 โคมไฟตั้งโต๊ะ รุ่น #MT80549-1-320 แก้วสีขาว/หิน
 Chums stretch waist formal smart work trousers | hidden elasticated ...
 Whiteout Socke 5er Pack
************
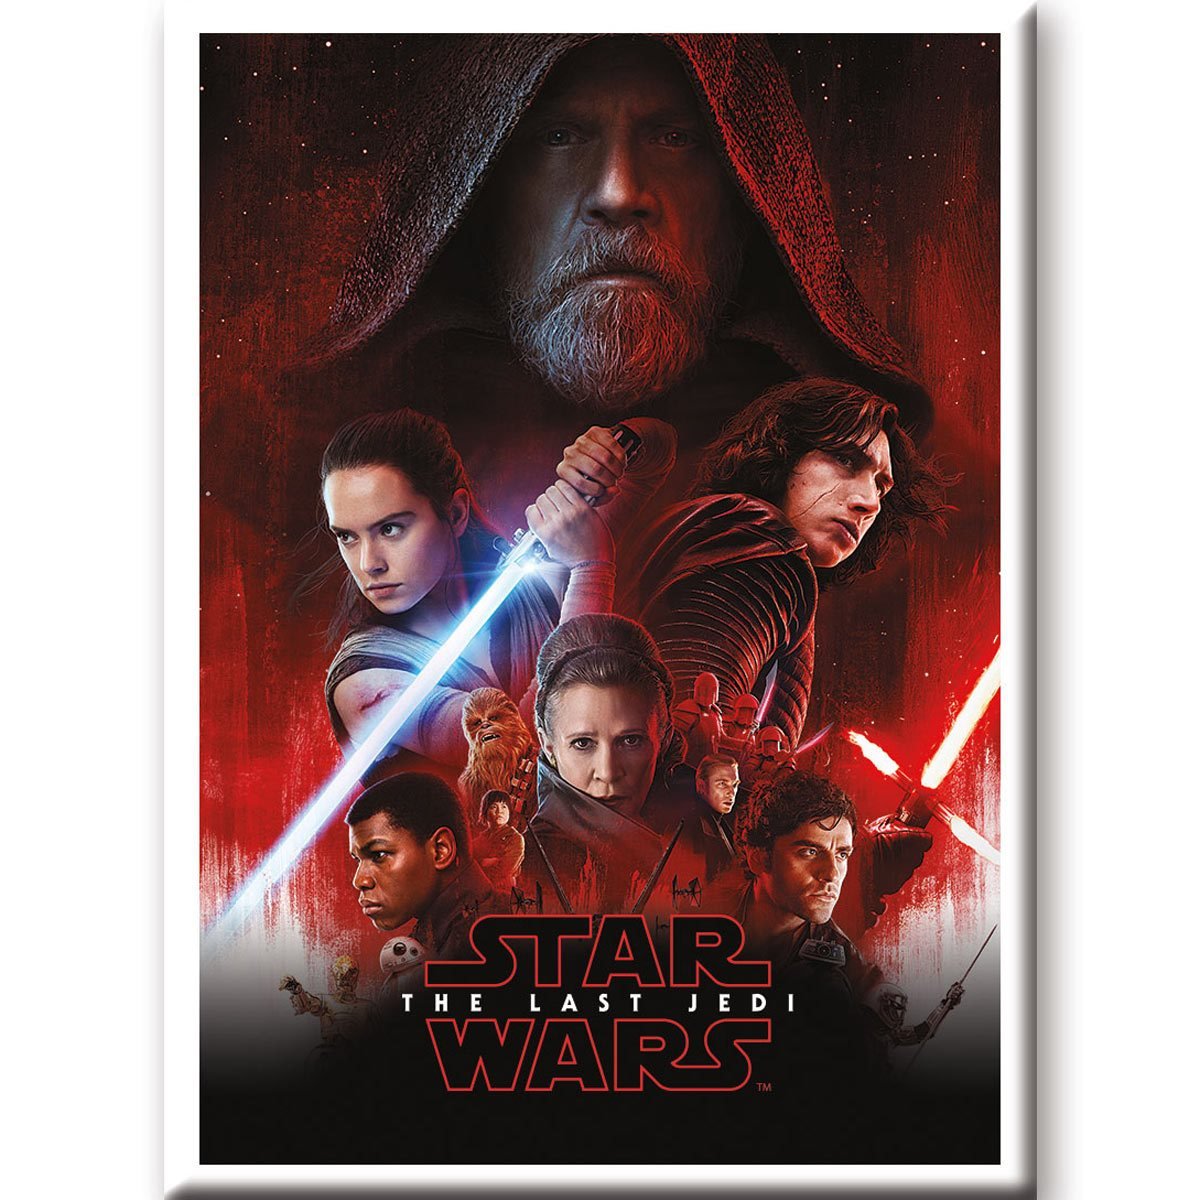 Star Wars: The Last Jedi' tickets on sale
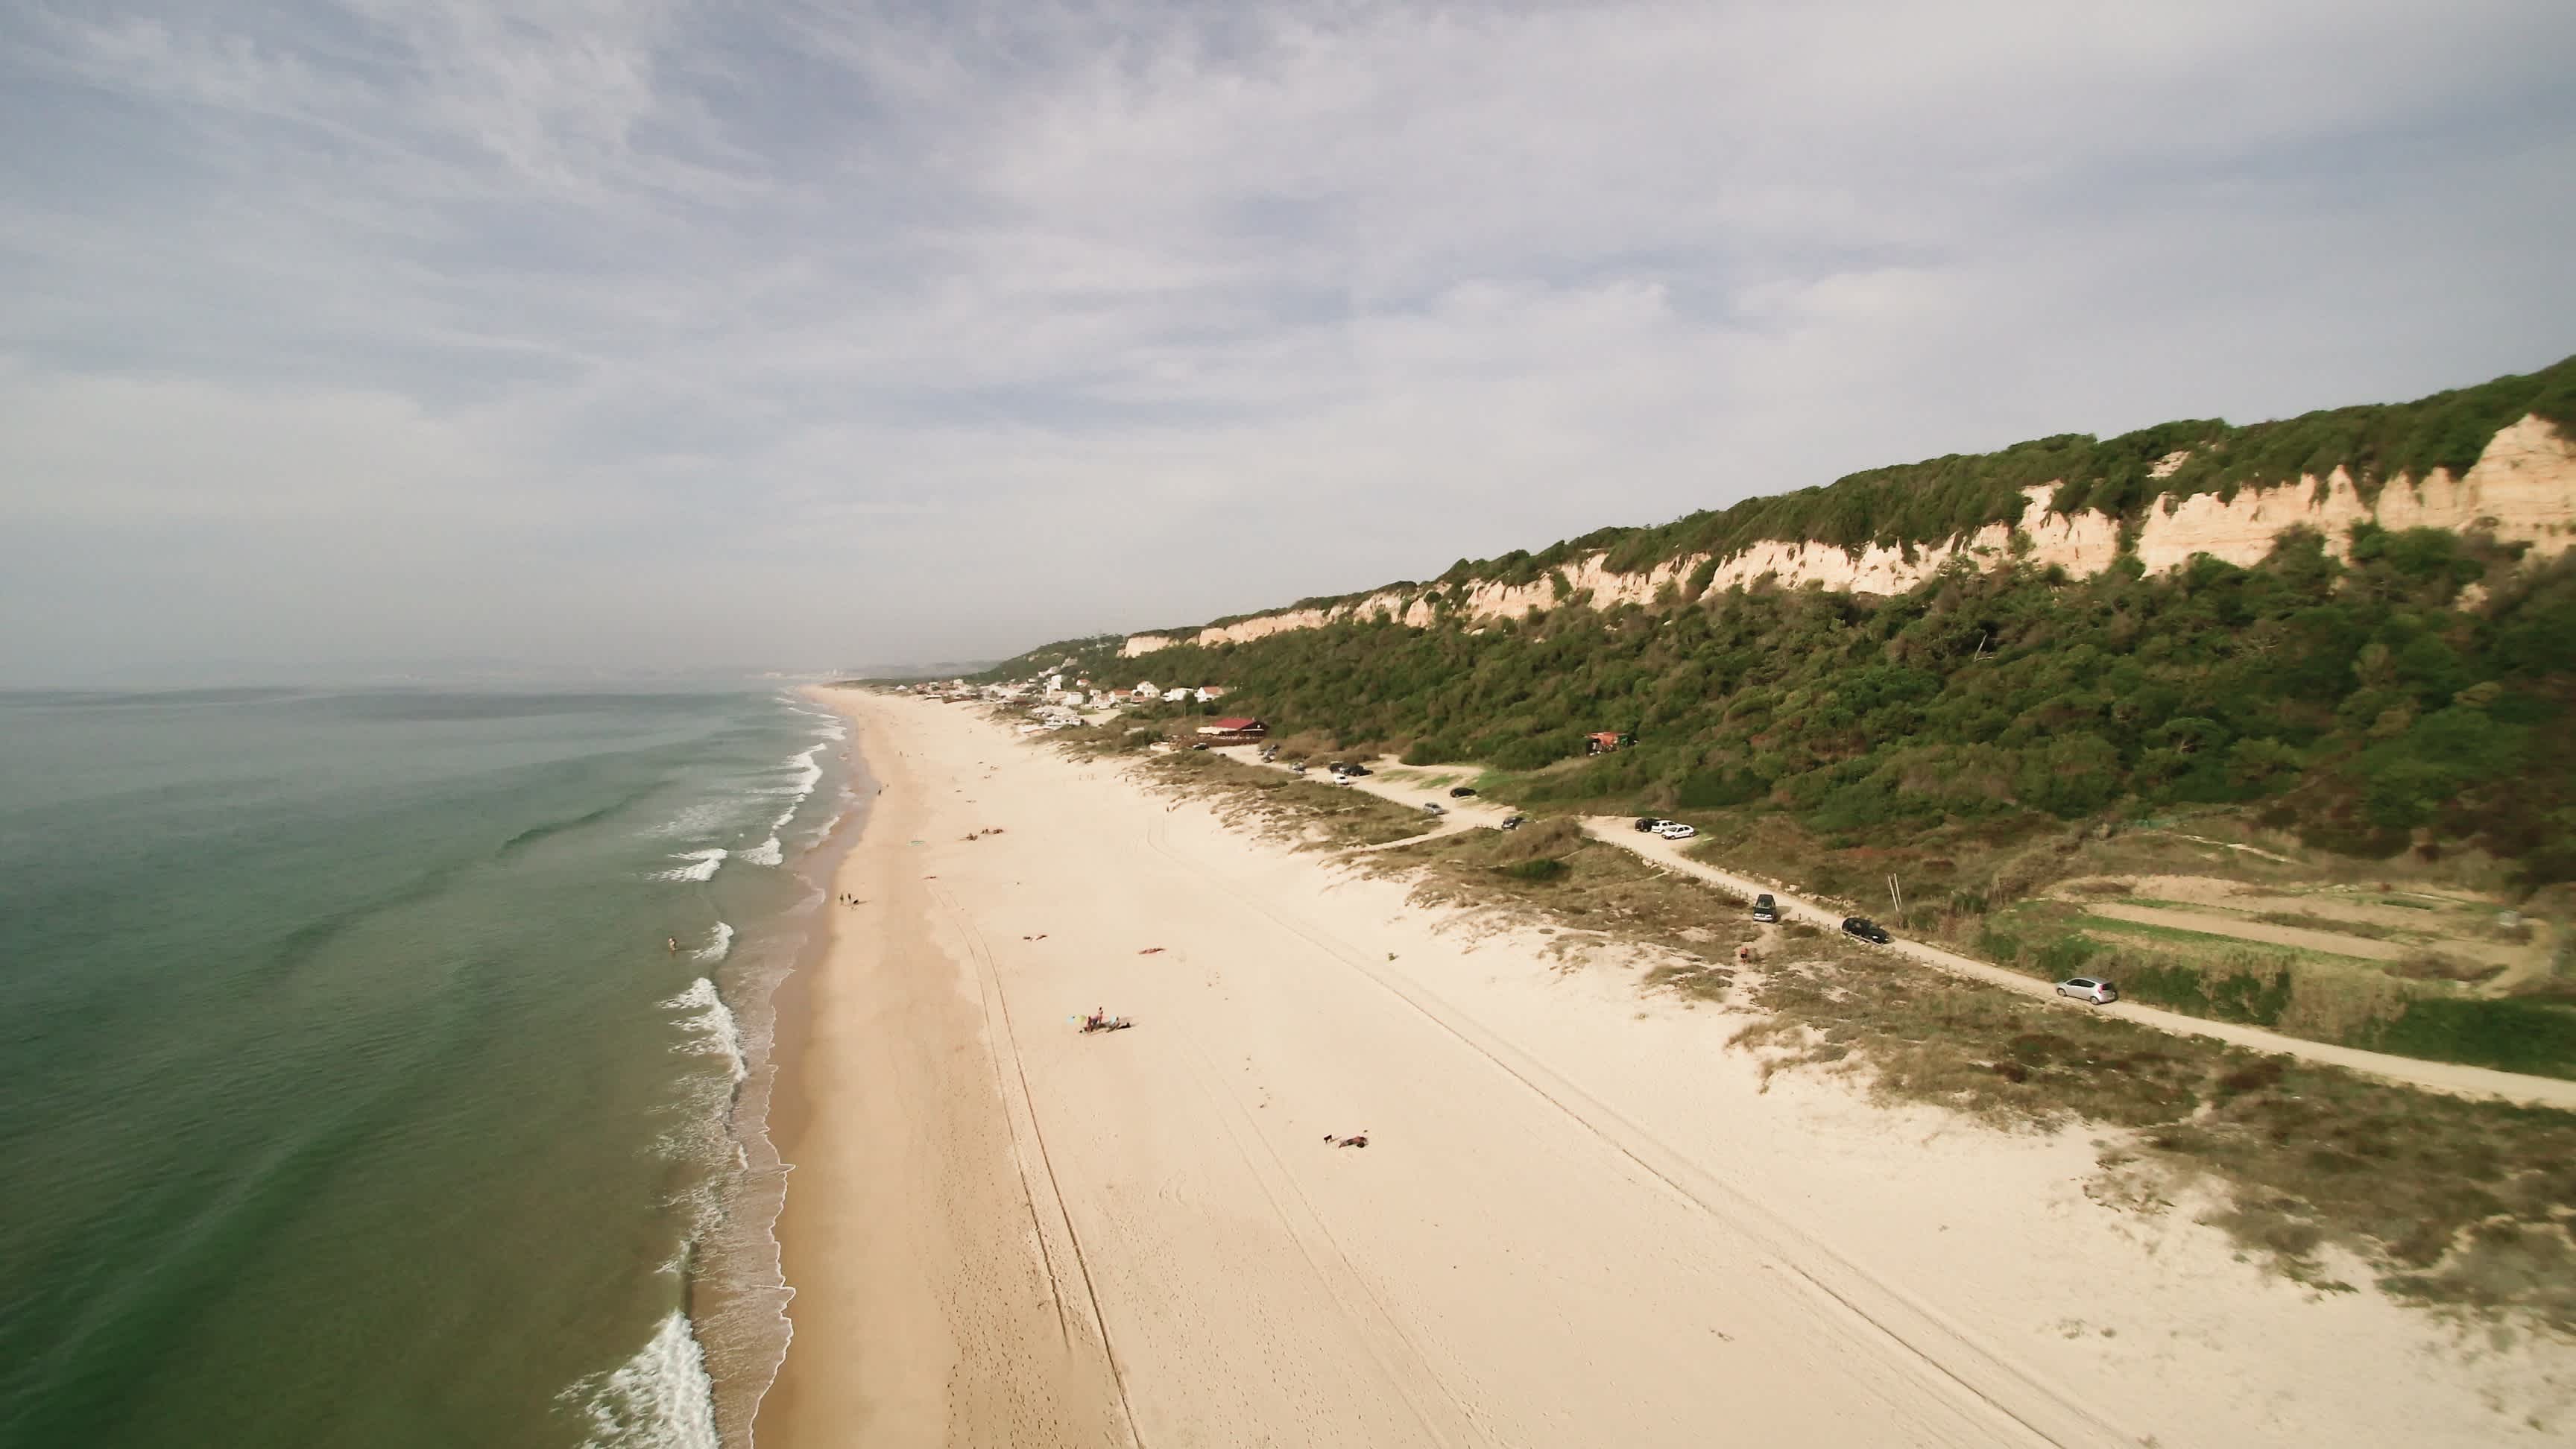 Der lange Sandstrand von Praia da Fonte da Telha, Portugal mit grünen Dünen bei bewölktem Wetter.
************
Using the records above, print exactly the lines between the ones containing "Star Wars: The Last Jedi' tickets on sale" and "Der lange Sandstrand", inclusive, and nothing else; no pictures.

 Star Wars: The Last Jedi' tickets on sale
 Der lange Sandstrand von Praia da Fonte da Telha, Portugal mit grünen Dünen bei bewölktem Wetter.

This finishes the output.